A vintage must be chosen and then held constant across all API calls. This guide uses a vintage of 202506, available vintages can be determined using the fabric/vintages API.
Prerequisites
- CostQuest API Key granted access to the Fabric, Fabric Extensions, and Geoservices APIs.
- Python (3.10 tested)
- DuckDB (1.1.3 tested)
Assign Location IDs (Python)
Depending on what attributes are present in your source data, you can utilize a mix of CostQuest APIs to assign appropriate location_id values for your chosen vintage.
Locate API
For records with geographic coordinates (must be represented as WGS84 latitude and longitude), use the fabricext/locate API to geographically determine a suitable location_id. To maximize potential links to a Fabric location_id, set the parceldistancem to 1000 meters, and the neardistancem to 100 meters.
Match API
Records with address data (either as components or as a single piece of text) can be matched to a location_id using the fabricext/match API.
PyTools Code
Below is a code snippet that runs the sample file data.csv through both of the above APIs.
from cqazapipytools import *
with cqazapipytools(os.environ['CQAPIKEY']) as cp:
# setup
vintage = '202506'
data = cp.csvRead('data.csv')
# locate
locate = cp.locate(vintage, cp.transformList(data, 'select', ['sourcekey','latitude','longitude']), parceldistancem=1000,neardistancem=100)
cp.csvWrite('data_locate.csv', locate)
# match
match = cp.match(vintage, cp.transformList(data, 'select', ['sourcekey','text']))
cp.csvWrite('data_match.csv', match)
Data Analysis (DuckDB)
Create a bridge table by joining all of the resulting output information from each of the processes above, bringing forward the relevant information.

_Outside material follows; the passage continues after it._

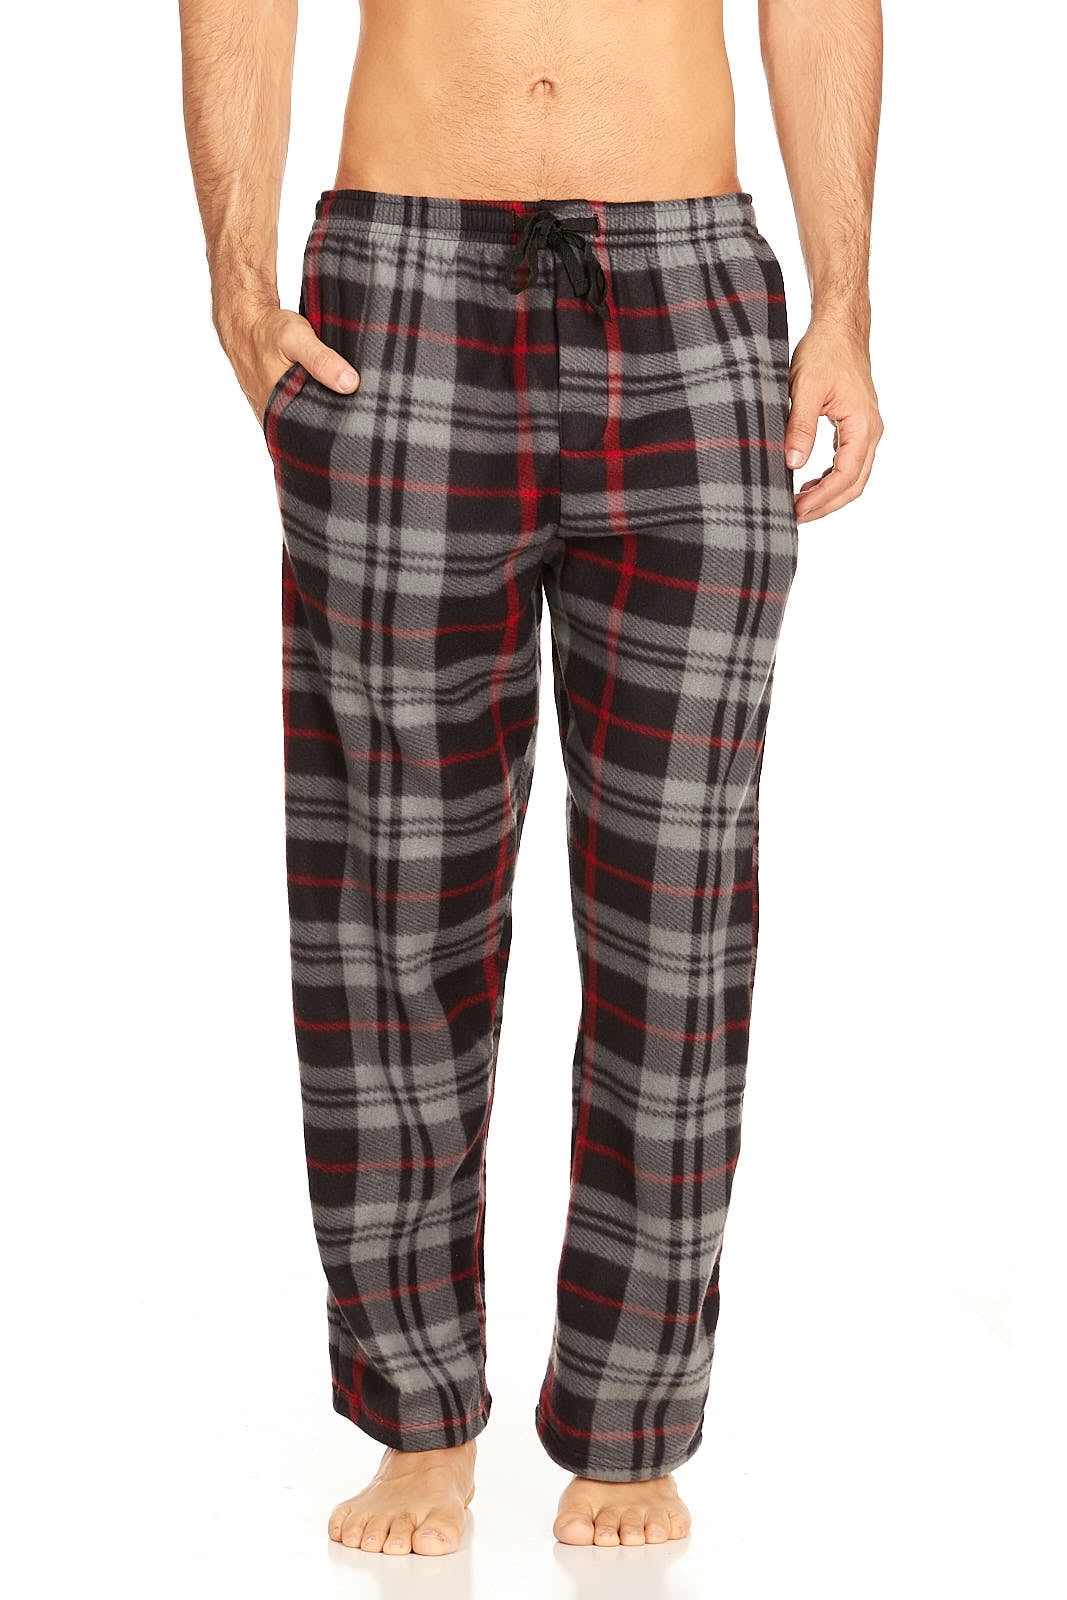 DARESAY Multipack of Men’s Microfleece Pajama Pants/Lounge Wear with Pockets

Launch DuckDB in the directory with your data.csv and output files from the API processes above.
duckdb data.duckdb
Load the data into the duckdb database.
create table data as (select * from 'data.csv');
create table data_locate as (select * from 'data_locate.csv');
create table data_match as (select * from 'data_match.csv');
The queries below will build the bridge table for analysis.
install spatial;
load spatial;
drop table if exists data_bridge;
create table data_bridge as (
select i.sourcekey
,i.latitude source_latitude
,i.longitude source_longitude
,i.text source_text
,case when m.location_id is not null then 1 else 0 end match_true
,case when l.location_id is not null then 1 else 0 end locate_true
,case when l.location_id is not null or m.location_id is not null then 1 else 0 end location_id_true
,case when l.location_id is not null then l.location_id when m.location_id is not null then m.location_id end location_id_selected
,case when l.location_id is not null and m.location_id is not null and l.location_id<>m.location_id then 1 else 0 end location_id_disagreement
,0 location_id_duplicates
,0 location_id_duplicaterank
,st_distance_spheroid(st_point(i.latitude,i.longitude),
case when l.location_id is not null then st_point(l.latitude,l.longitude) when m.location_id is not null then st_point(m.latitude,m.longitude) end
) distancem
,l.location_id locate_location_id
,l.latitude locate_latitude
,l.longitude locate_longitude
,l.matchtype locate_matchtype
,m.location_id match_location_id
,concat_ws(' ',m.address,m.city,m.state,m.zip) match_address
,m.latitude match_latitude
,m.longitude match_longitude
,m.matchtype match_matchtype
,m.matchcount match_count
from data i
left join (
select sourcekey
,location_id
,matchtype
,latitude
,longitude
from data_locate dl
) l on l.sourcekey=i.sourcekey
left join (
select sourcekey
,locations_0_location_id location_id
,matchtype
,matchcount
,locations_0_address address
,locations_0_city city
,locations_0_state state
,locations_0_zip zip
,locations_0_latitude latitude
,locations_0_longitude longitude
from data_match
) m on m.sourcekey=i.sourcekey
);
update data_bridge
set location_id_duplicates=upd.cnt
from (
select location_id_selected
,count(*) cnt
from data_bridge
where location_id_selected is not null
group by 1
having count(*)>1
) upd
where upd.location_id_selected=data_bridge.location_id_selected;
update data_bridge
set location_id_duplicaterank=upd.rnk
from (
select sourcekey
,row_number() over (partition by location_id_selected order by distancem,sourcekey) rnk
from data_bridge
where location_id_selected is not null
) upd
where upd.sourcekey=data_bridge.sourcekey;
Interpreting Results (DuckDB)
Using the data_bridge table, it is now possible to interrogate the results.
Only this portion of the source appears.